AntiNex on OpenShift Container Platform

Here is a guide for running the AntiNex stack on OpenShift Container Platform. This was tested on version 3.9.

https://imgur.com/5wi8GRs.png

This will deploy the following containers to OpenShift Container Platform:

  1. API Server - Django REST Framework with JWT and Swagger
  2. API Workers - Celery Workers to support the Django REST API
  3. Core Worker - AntiNex AI Core Celery Worker
  4. Jupyter - Includes ready-to-use AntiNex IPython Notebooks
  5. Pipeline - AntiNex Network Pipeline Celery Worker
  6. Posgres 10.4 - Crunchy Data Single Primary
  7. Redis 3.2
  8. pgAdmin4

Getting Started

  1. Clone

    This guide assumes the repository is cloned to the directory:

    /opt/antinex/api

    mkdir -p -m 777 /opt/antinex
    git clone https://github.com/jay-johnson/train-ai-with-django-swagger-jwt.git /opt/antinex/api
    
  2. Setting up Database Tools

    For preparing Ubuntu 18 to manage the Crunchy containers:

    sudo apt install golang-go
    mkdir -p -m 777 /opt/antinex
    # on ubuntu 18.04:
    export GOPATH=$HOME/go
    export PATH=$PATH:$GOROOT/bin:$GOPATH/bin
    go get github.com/blang/expenv
    
  3. Enable Admin Rights for Users

    On the OpenShift Container Platform, add cluster-admin role to all users that need to deploy AntiNex on OCP

    [root@ocp39 ~]# oc adm policy add-cluster-role-to-user cluster-admin trex
    cluster role "cluster-admin" added: "trex"
    [root@ocp39 ~]#
    
  4. Persistent Volumes

    For Postgres and Redis to use a persistent volume, the user must be a cluster-admin.

  5. Resources

    Please make sure to give the hosting vm(s) enough memory to run the stack. If you are using OpenShift Container Platform please use at least 2 CPU cores and 8 GB of RAM.

  6. Set up /etc/hosts

    OpenShift Container Platform is running on a vm with an ip: 192.168.0.35 and with these application fqdns in /etc/hosts.
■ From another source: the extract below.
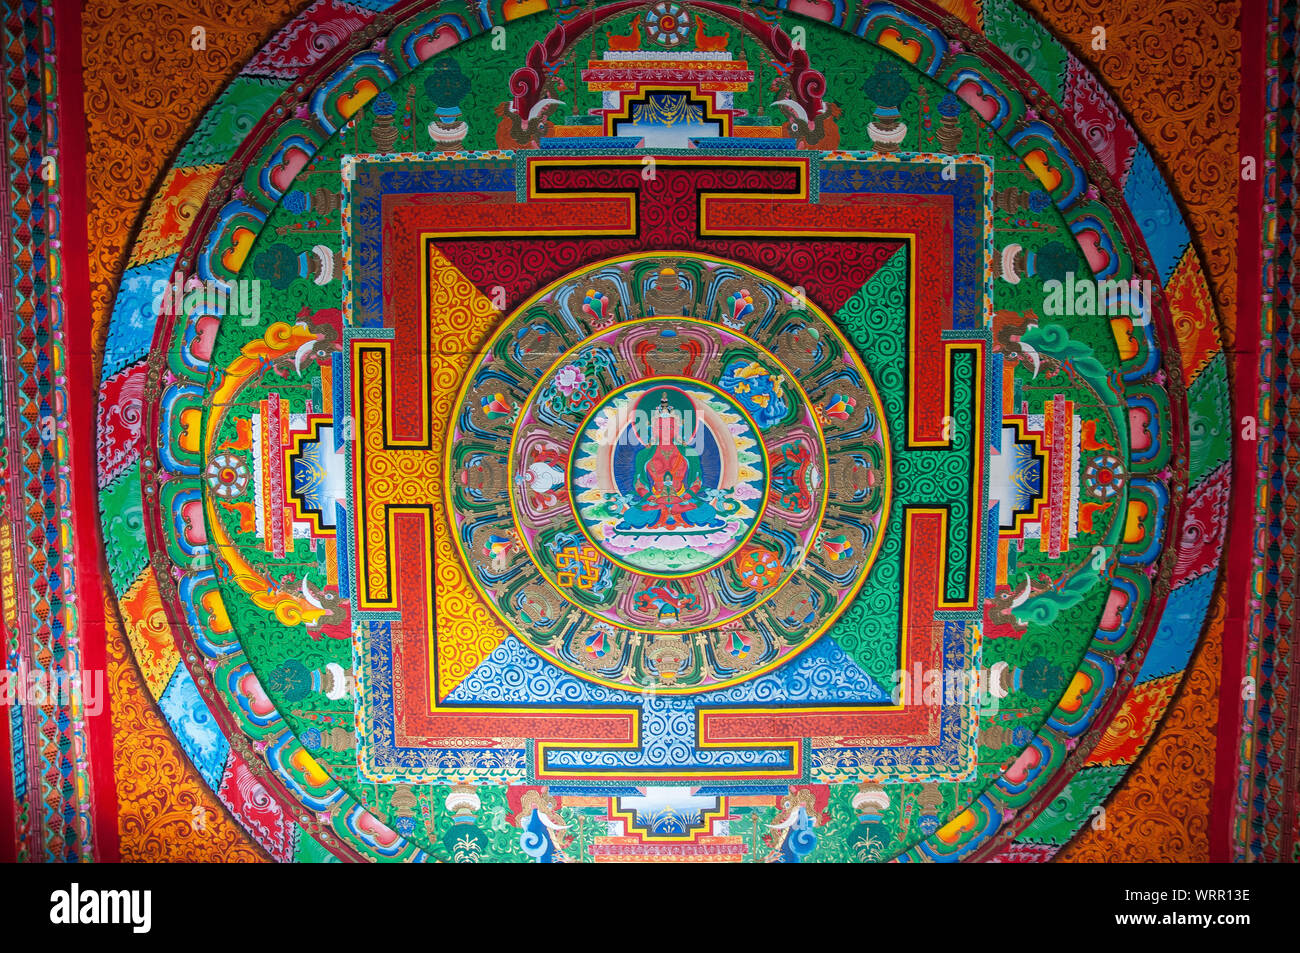 Murale Mandala à Sumtsenling Sōngzànlín ou Ganden, un monastère bouddhiste tibétain à l'extérieur de Shangri La ou Zhongdian, Yunnan, Chine Banque D'Images

    192.168.0.35    ocp39.homelab.com api-antinex.apps.homelab.com jupyter-antinex.apps.homelab.com postgres-antinex.apps.homelab.com redis-antinex.apps.homelab.com primary-antinex.apps.homelab.com pgadmin4-http-antinex.apps.homelab.com
    

Login to OpenShift Container Platform

Here’s an example of logging into OpenShift Container Platform

oc login https://ocp39.homelab.com:8443

Deploy

Deploy the containers to OpenShift Container Platform

Run Deployment Command

./deploy.sh

If you have Splunk set up you can deploy the splunk deployment configs with the command:

./deploy.sh splunkenterprise

Check the AntiNex Stack

You can view the antinex project’s pod on the OpenShift web console:

OpenShift Container Platform:

https://ocp39.homelab.com:8443/console/project/antinex/browse/pods

You can also use the command line:

oc status -v
oc status -v
In project antinex on server https://ocp39.homelab.com:8443

http://api-antinex.apps.homelab.com to pod port 8010 (svc/api)
deployment/api deploys jayjohnson/antinex-api:latest
    deployment #1 running for 7 hours - 1 pod

http://jupyter-antinex.apps.homelab.com to pod port 8888 (svc/jupyter)
deployment/jupyter deploys jayjohnson/antinex-jupyter:latest
    deployment #1 running for 7 hours - 1 pod

http://pgadmin4-http-antinex.apps.homelab.com to pod port pgadmin4-http (svc/pgadmin4-http)
pod/pgadmin4-http runs crunchydata/crunchy-pgadmin4:centos7-10.3-1.8.2

http://primary-antinex.apps.homelab.com to pod port 5432 (svc/primary)
pod/primary runs crunchydata/crunchy-postgres:centos7-10.4-1.8.3

http://redis-antinex.apps.homelab.com to pod port 6379-tcp (svc/redis)
dc/redis deploys istag/redis:latest
    deployment #1 deployed 7 hours ago - 1 pod

deployment/core deploys jayjohnson/antinex-core:latest
deployment #1 running for 7 hours - 1 pod

deployment/pipeline deploys jayjohnson/antinex-pipeline:latest
deployment #1 running for 7 hours - 1 pod

deployment/worker deploys jayjohnson/antinex-worker:latest
deployment #1 running for 7 hours - 1 pod

Info:
* pod/pgadmin4-http has no liveness probe to verify pods are still running.
    try: oc set probe pod/pgadmin4-http --liveness ...
* pod/primary has no liveness probe to verify pods are still running.
    try: oc set probe pod/primary --liveness ...
* deployment/api has no liveness probe to verify pods are still running.
    try: oc set probe deployment/api --liveness ...
* deployment/core has no liveness probe to verify pods are still running.
    try: oc set probe deployment/core --liveness ...
* deployment/jupyter has no liveness probe to verify pods are still running.
    try: oc set probe deployment/jupyter --liveness ...
* deployment/pipeline has no liveness probe to verify pods are still running.
    try: oc set probe deployment/pipeline --liveness ...
* deployment/worker has no liveness probe to verify pods are still running.
    try: oc set probe deployment/worker --liveness ...
* dc/redis has no readiness probe to verify pods are ready to accept traffic or ensure deployment is successful.
    try: oc set probe dc/redis --readiness ...
* dc/redis has no liveness probe to verify pods are still running.
    try: oc set probe dc/redis --liveness ...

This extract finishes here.